Lee So-Ryoung, Choi Eue-Keun, Park Sang-Hyeon, Lee Seung-Woo, Han Kyung-Do, Oh Seil, Lip Gregory Y H
Department of Internal Medicine, Seoul National University Hospital, Seoul, South Korea.
Department of Internal Medicine, Seoul National University College of Medicine, Seoul, South Korea.
Front Cardiovasc Med. 2022 Jul 4;9:885016. doi: 10.3389/fcvm.2022.885016. eCollection 2022.
Little is known regarding the risk of clinical outcomes depending on the clustering of lifestyle behaviors after atrial fibrillation (AF) diagnosis. This study evaluated the association between a cluster of healthy lifestyle behaviors and the risk of adverse outcomes in patients with AF.
Using the Korean National Insurance Service database, patients who were newly diagnosed with AF between 2009 and 2016 were included. A healthy lifestyle behavior score (HLS) was calculated by assigning 1 point each for non-current smoking, for non-drinking, and for performing regular exercise from the self-reported questionnaire in health examinations. The primary outcome was defined as major adverse cardiovascular event (MACE), including ischemic stroke, myocardial infarction, and hospitalization for heart failure.
A total of 208,662 patients were included; 7.1% in HLS 0, 22.7% in HLS 1, 58.6% in HLS 2, and 11.6% in HLS 3 groups. Patients with HLS 1, 2, and 3 were associated with a lower risk of MACE than those with HLS 0 (adjusted hazard ratio [95% confidence interval (CI)]: 0.788 [0.762-0.855], 0.654 [0.604-0.708], and 0.579 [0.527-0.636], respectively). After propensity score weighting, consistent results were observed. The risk reduction of healthy lifestyle combinations was consistently observed in various subgroups, regardless of the CHADS-VASc score and oral anticoagulant use.
Increased number of healthy lifestyle behaviors was significantly associated with lower MACE risk in patients with new-onset AF. These findings support the promotion of a healthy lifestyle to reduce the risk of adverse events in patients with AF.

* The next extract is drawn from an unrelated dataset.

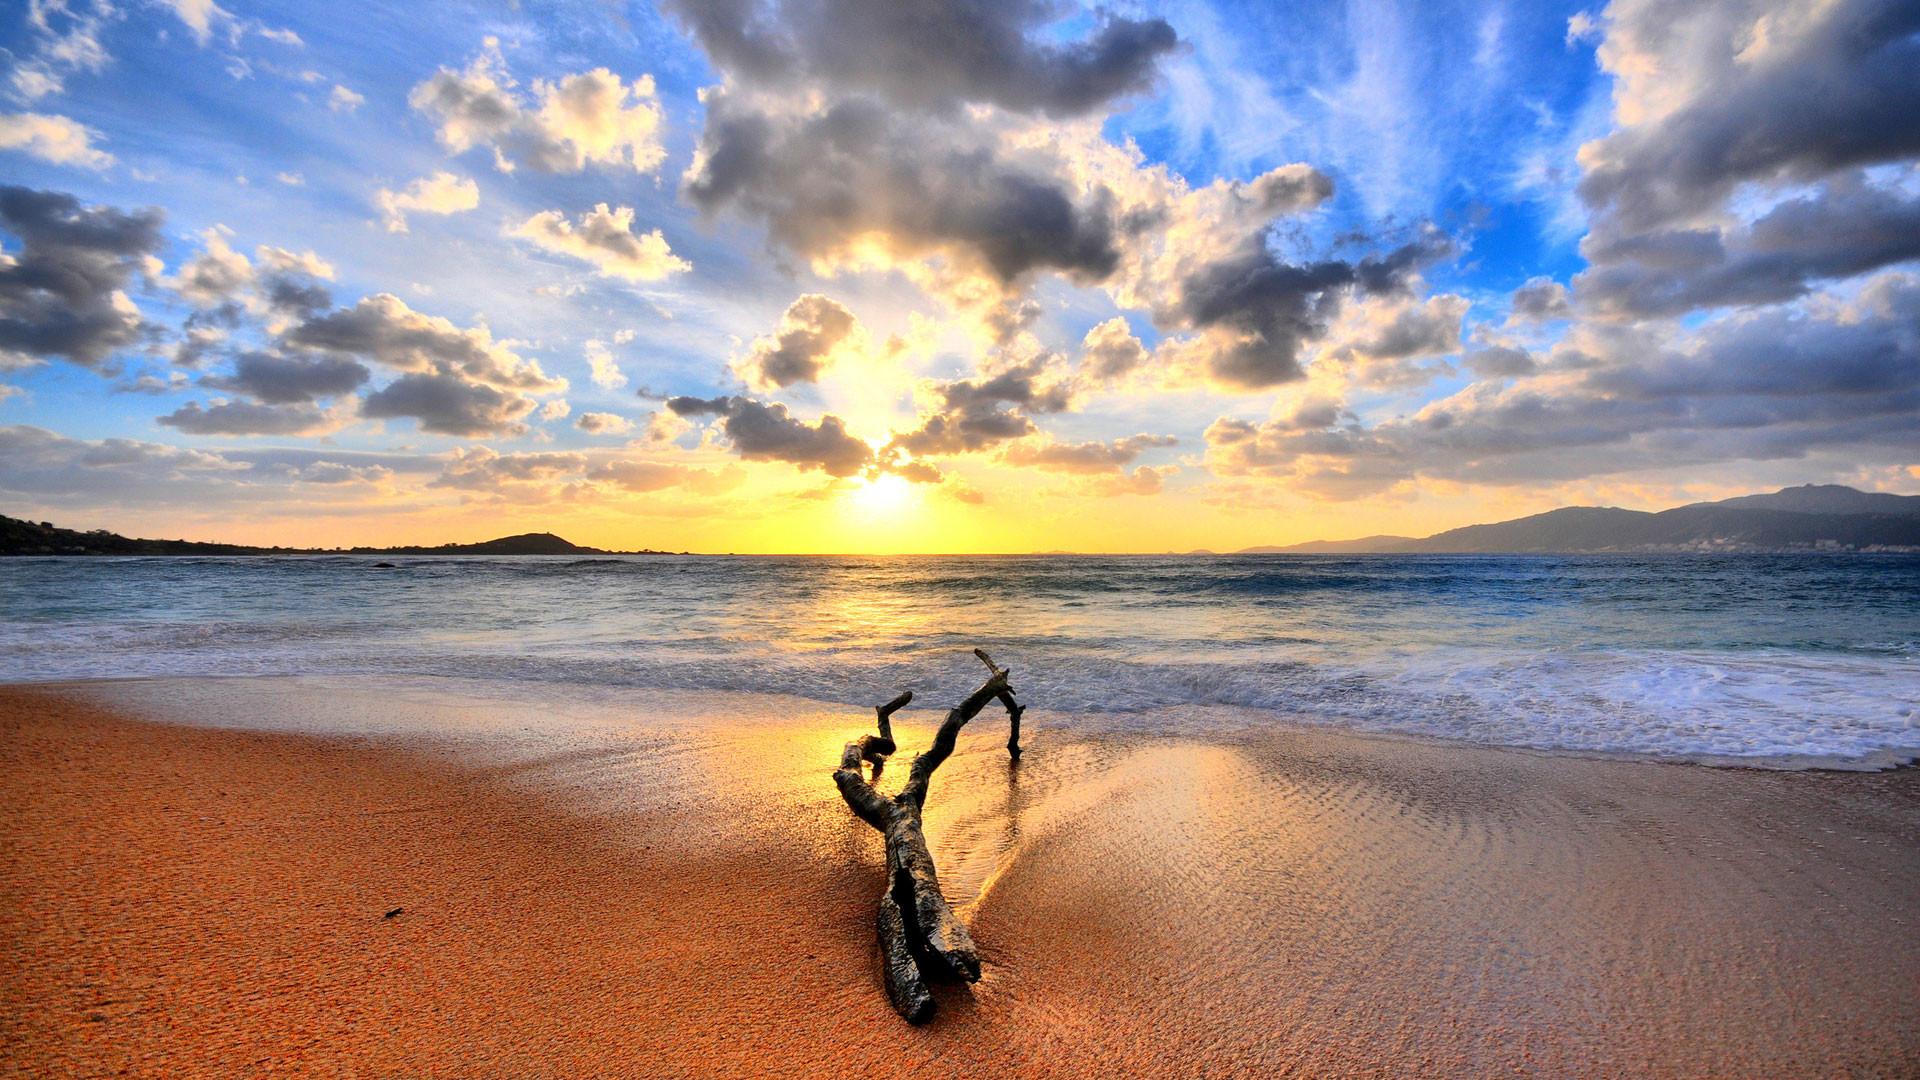 hd pics photos nature beach sky sea shore desktop background wallpaper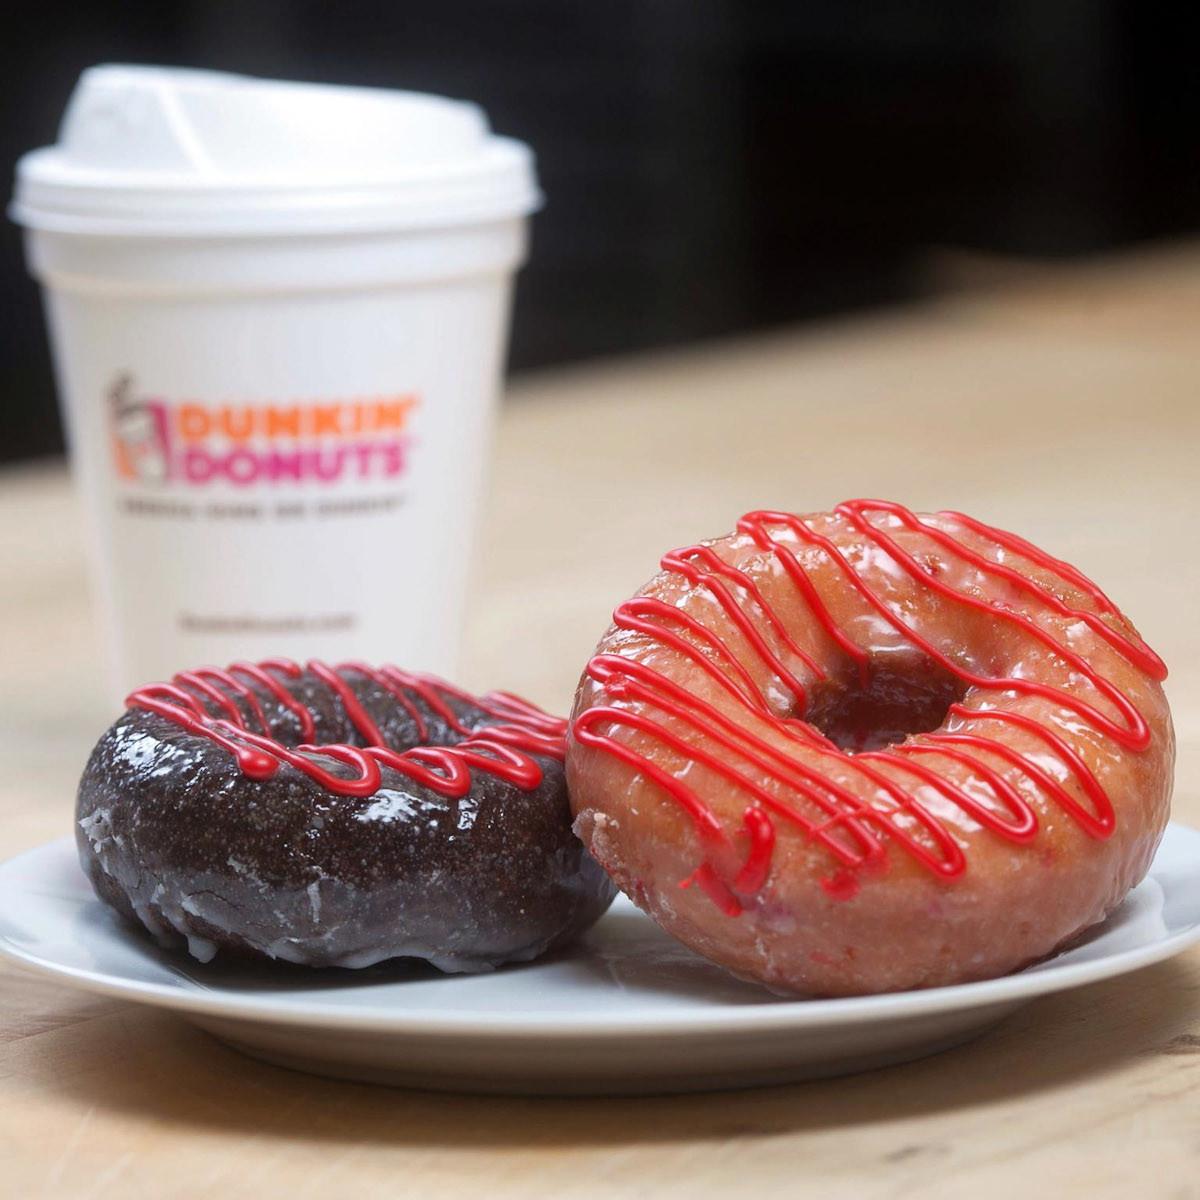 Dunkin' Donuts, doughnuts, coffee

关于心房颤动(AF)诊断后生活方式行为聚集对临床结局风险的影响,人们了解甚少。本研究评估了健康生活方式行为聚集与AF患者不良结局风险之间的关联。
利用韩国国民健康保险服务数据库,纳入2009年至2016年间新诊断为AF的患者。通过对健康检查自我报告问卷中的非当前吸烟、非饮酒和定期锻炼各赋1分,计算健康生活方式行为评分(HLS)。主要结局定义为主要不良心血管事件(MACE),包括缺血性卒中、心肌梗死和因心力衰竭住院。
共纳入208,662例患者;HLS 0组占7.1%,HLS 1组占22.7%,HLS 2组占58.6%,HLS 3组占11.6%。与HLS 0组患者相比,HLS 1、2和3组患者发生MACE的风险较低(调整后风险比[95%置信区间(CI)]:分别为0.788[0.7,62 - 0.855]、0.654[0.604 - 0.70, 和0.579[0.527 - 0.636])。倾向评分加权后,观察到一致的结果。无论CHADS-VASc评分和口服抗凝剂使用情况如何,在各个亚组中均持续观察到健康生活方式组合降低风险的情况。
新发AF患者中,健康生活方式行为数量增加与较低的MACE风险显著相关。这些发现支持推广健康生活方式以降低AF患者不良事件的风险。